# Comparing Sampling Algorithms with Fast Food

Many different sampling approaches are made available with `astartes`, both extrapolative and interpolative.
Some of the implemented algorithms are built on one another (SPXY is an extension of Kennard-Stone) and others are entirely unique are quite complex (Sphere Exlusion comes to mind).
But what do they actually look like when it comes to splitting data into groups? And how do they different sampling approaches affect model performance?

For this notebook, we will use a very tangible dataset - the Burger King Menu - and subject it to the various sampling algorithms present in `astartes` and then visualize on a plot what the results look like.
The features for the dataset are the grams of protein, fat, and carbohydrates present in each menu item at the restaurant and the target is the number of calories in that item.
We know _a priori_ that there is an underlying correlation in this data - each macronutrient has a different number of calories, and by calculating a weighted sum of the grams of each macronutrient we can easily find the calories.
Our goal would be for the model to learn this simple correlation.

The dataset used in this notebook was retrieved from [this link](https://www.kaggle.com/datasets/mattop/burger-king-menu-nutrition-data?resource=download) and is in the public domain (see the [CC0 license](https://creativecommons.org/share-your-work/public-domain/cc0/)).

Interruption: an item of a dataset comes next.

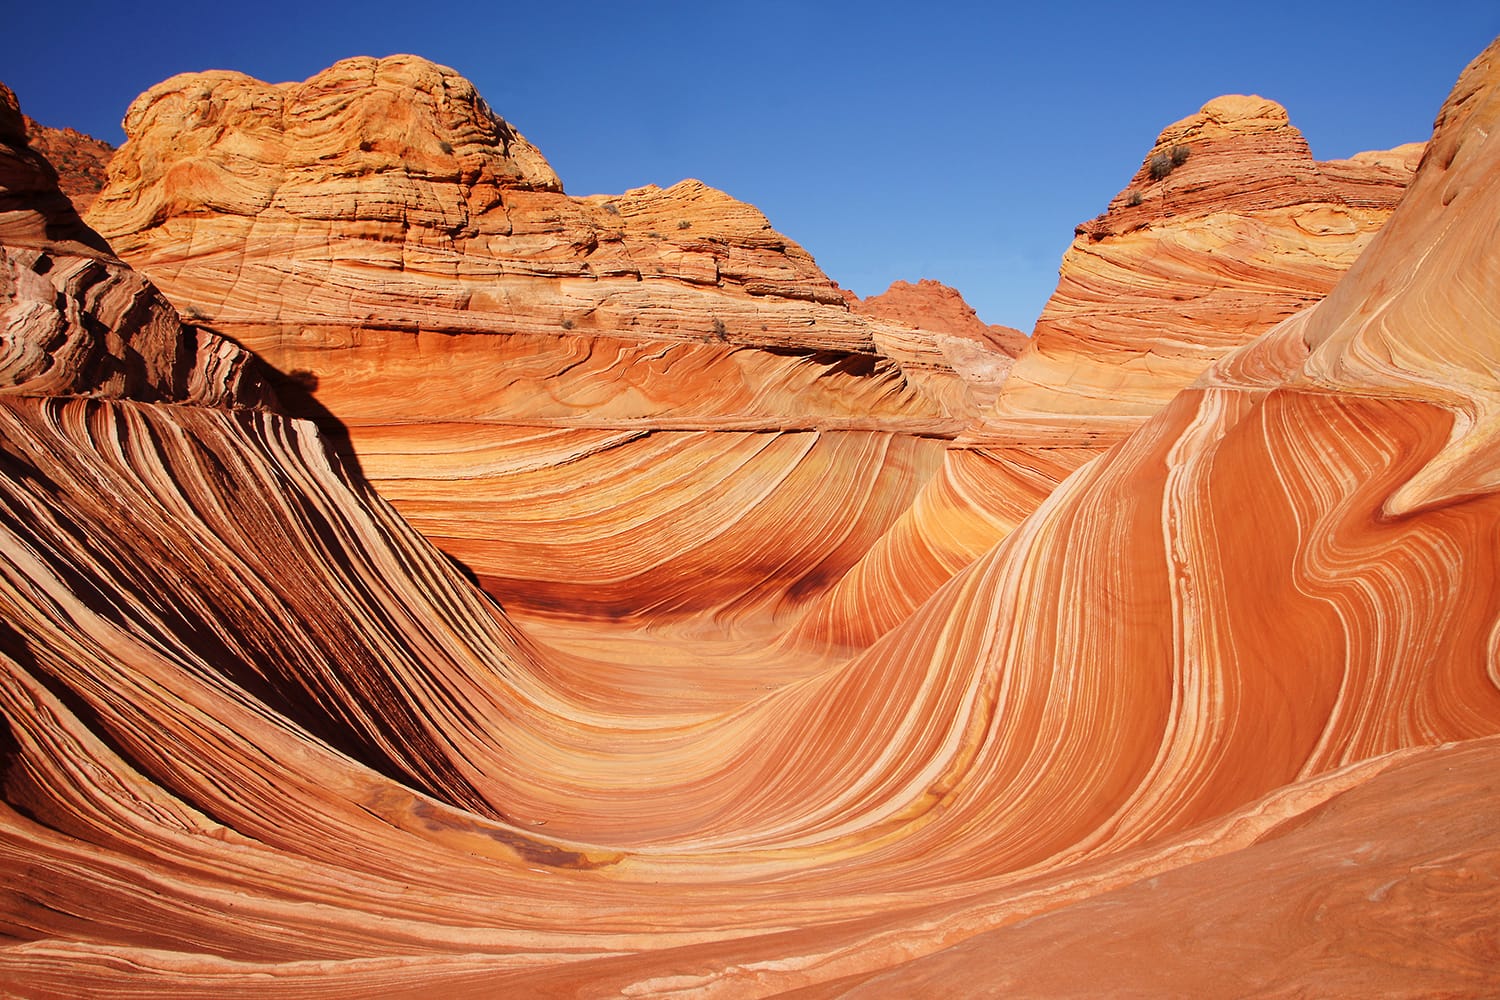 The Wave in the Vermilion Cliffs National Monument in Arizona, USA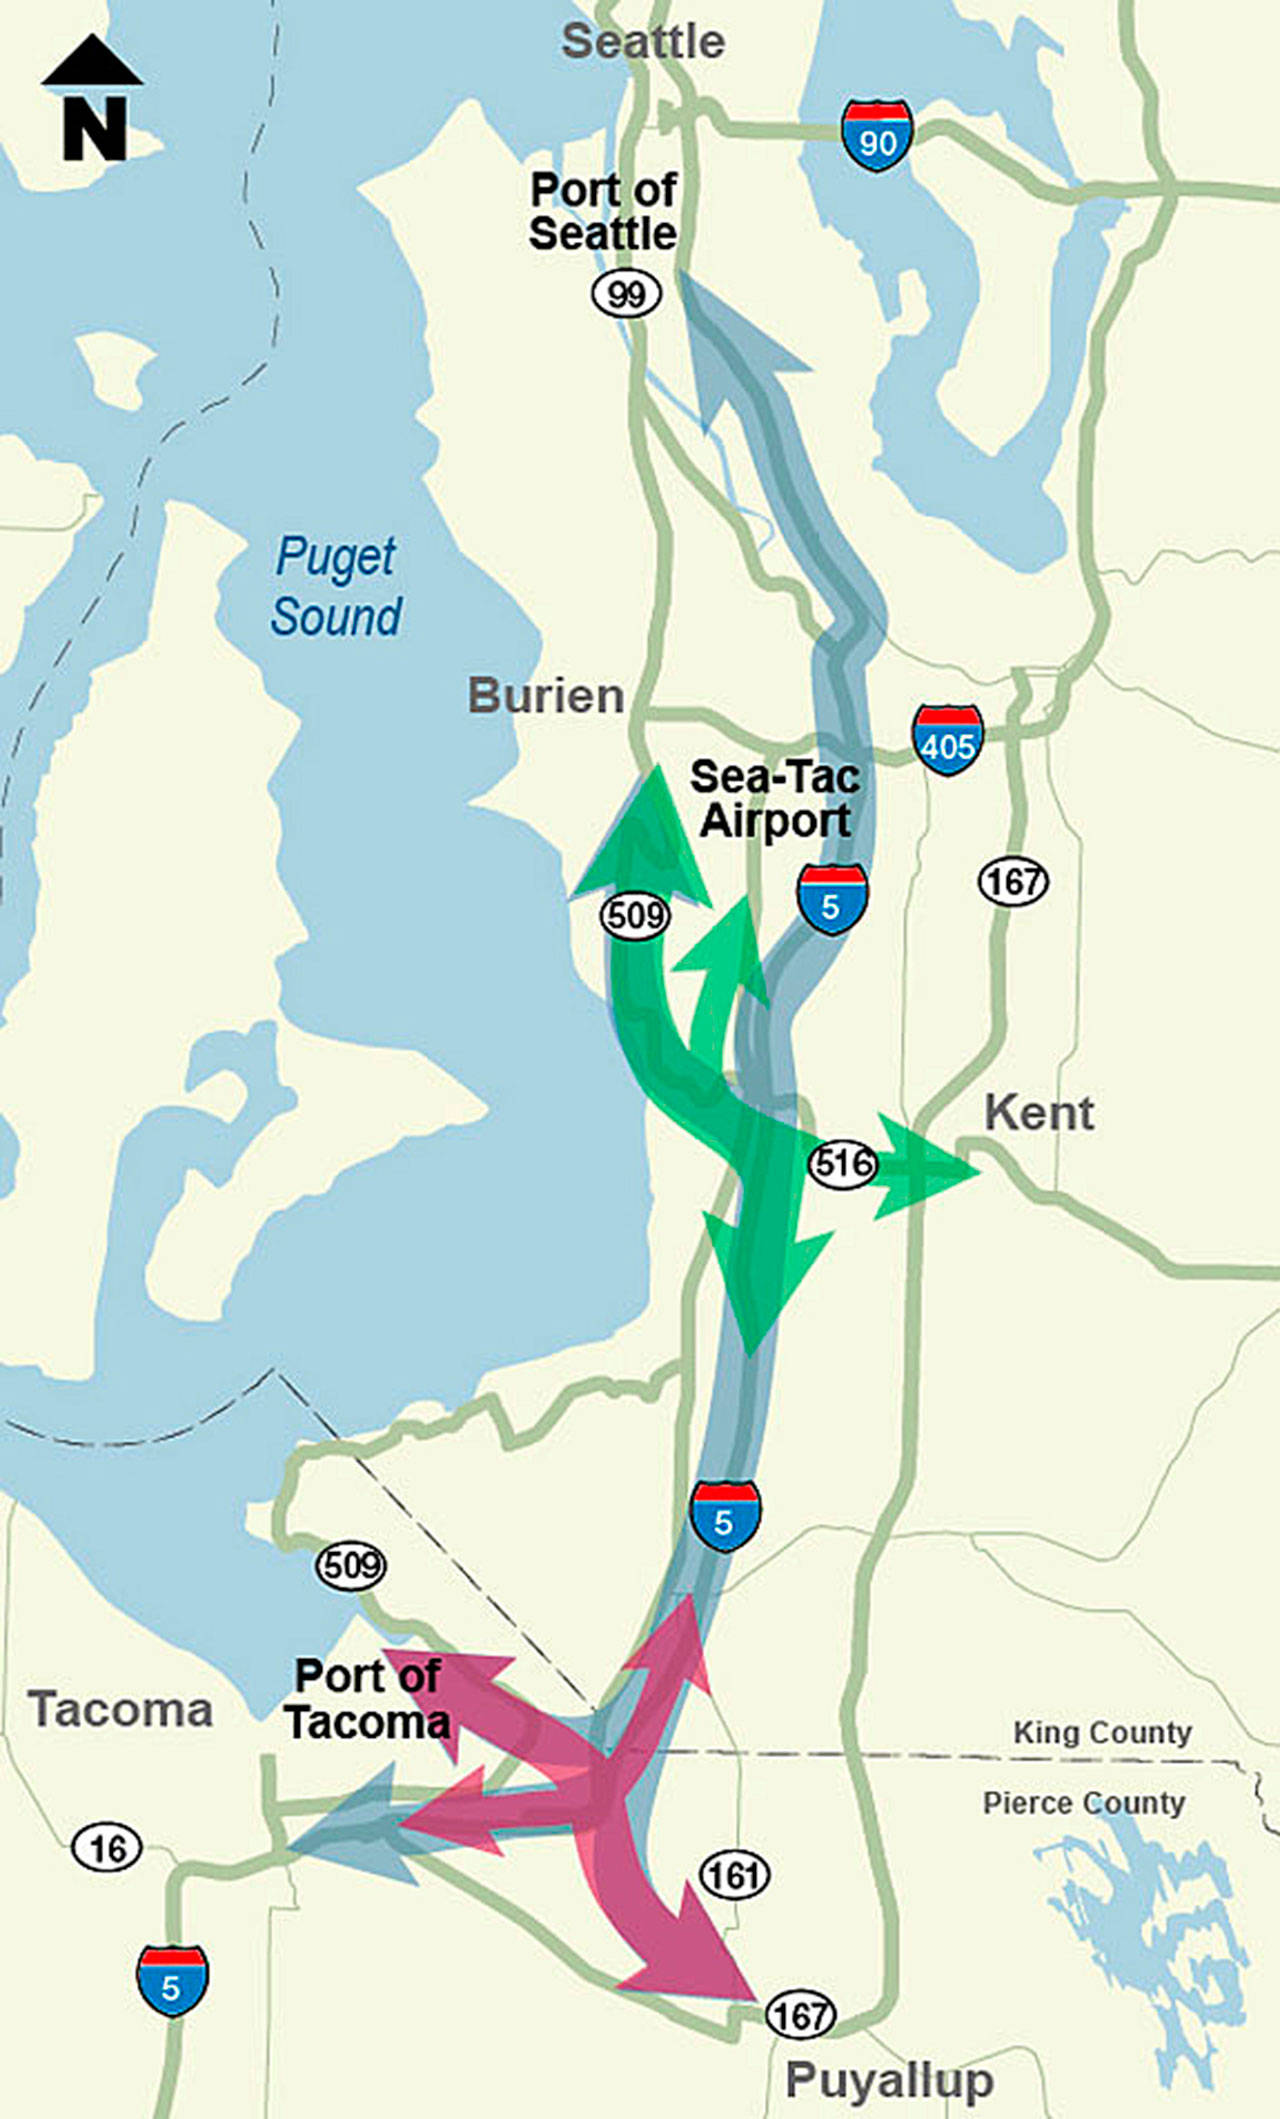 The Washington State Department of Transportation plans to expand State Route 509 and State Route 167 at a cost of about $2 billion.

## Part 1. Perusing the Menu
Let's start by loading the dataset and generating our first plot of its contents. To get the data into this notebook we will use `pandas`, one of the ubiquitous Python packages for machine learning. You can read more about Pandas in their [documentation](https://pandas.pydata.org/docs/).

In [14]:
import pandas as pd
with open('burger-king-menu.csv', 'r') as f:
    menu = pd.read_csv(f)
menu.describe()

Unnamed: 0,Calories,Fat Calories,Fat (g),Saturated Fat (g),Trans Fat (g),Cholesterol (mg),Sodium (mg),Total Carb (g),Dietary Fiber (g),Sugars (g),Protein (g),Weight Watchers
count,77.0,77.0,77.0,77.0,77.0,77.0,77.0,77.0,77.0,77.0,77.0,77.0
mean,501.428571,278.311688,30.967532,9.805195,0.636364,101.753247,993.246753,35.181818,1.779221,6.636364,20.909091,497.064935
std,307.612685,184.393762,20.535966,8.118431,1.128682,97.958659,613.426403,20.716588,1.690713,6.973463,17.145033,302.23807
min,10.0,0.0,0.0,0.0,0.0,0.0,0.0,1.0,0.0,0.0,0.0,12.0
25%,260.0,140.0,16.0,3.5,0.0,25.0,470.0,26.0,1.0,1.0,12.0,252.0
50%,430.0,250.0,28.0,8.0,0.0,70.0,1010.0,30.0,1.0,6.0,17.0,416.0
75%,700.0,380.0,42.0,14.0,0.5,175.0,1420.0,49.0,2.0,10.0,28.0,690.0
max,1220.0,750.0,84.0,33.0,4.5,390.0,2840.0,110.0,9.0,40.0,71.0,1192.0


As you can see from the output of `menu.describe()`, this dataset has 77 total items and more columns than we need, so let's drop those columns. We will also rename some of the columns to be easier to use, and we will hold onto the labels for later comparison to the splits that `astartes` creates.

In [15]:
menu.drop(['Item','Fat Calories','Saturated Fat (g)','Trans Fat (g)','Cholesterol (mg)','Sodium (mg)','Dietary Fiber (g)','Sugars (g)','Weight Watchers'], axis=1, inplace=True)
menu.rename(columns={'Total Carb (g)': 'Carbohydrates','Fat (g)': 'Fat','Protein (g)':'Protein'})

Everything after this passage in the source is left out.